University of California, Los Angeles Reporting  |  JUL 2003 – JUN 2004

Oceans and Kuiper Belts in Extrasolar Planetary Systems

4 Institutions
3 Teams
0 Publications
0 Field Sites
Field Sites

Project Progress

Our project on identifying asteroid belts and comets around other stars has moved forward on two fronts:


1) When a main sequence star evolves into a red giant and its Kuiper Belt objects


(KBOs) reach a temperature of ~170 K, the dust released during the rapid ice sublimation of these cometary bodies may lead to a detectable infrared excess at 25 microns, depending on the mass of the KBOs.

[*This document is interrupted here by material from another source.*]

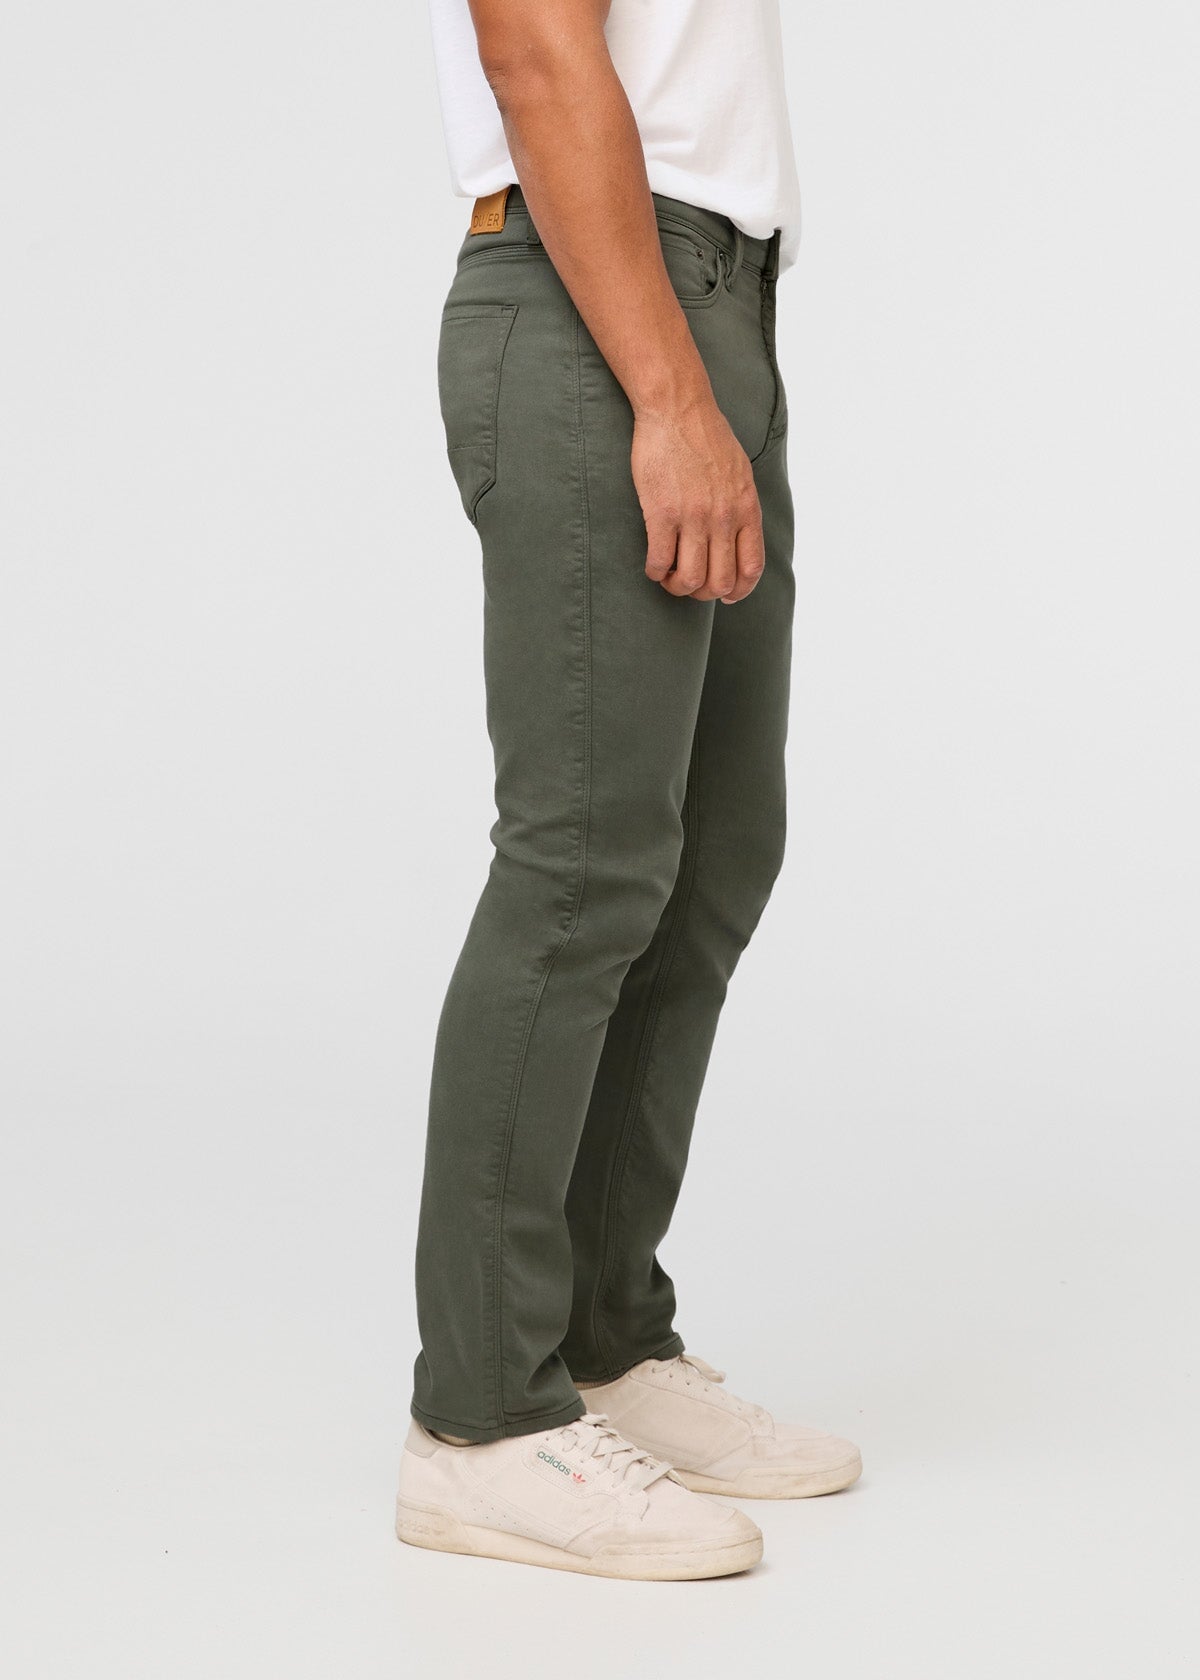 Mens Cotton Polyester Cargo Pants, Mens Pure Color Relaxed Fit

Analysis of Infrared Astronomy Satellite (IRAS) data for 66 first-ascent red giants within 150 pc of the Sun provides an upper limit to the mass in KBOs at 45 AU orbital radius that is usually less than ~0.1 M(Earth). With improved infrared data, we may detect systems of KBOs around first-ascent red giants that are analogs to our solar system. (Jura, M. 2004, Astrophysical Journal, 603, 729. "Other Kuiper Belts")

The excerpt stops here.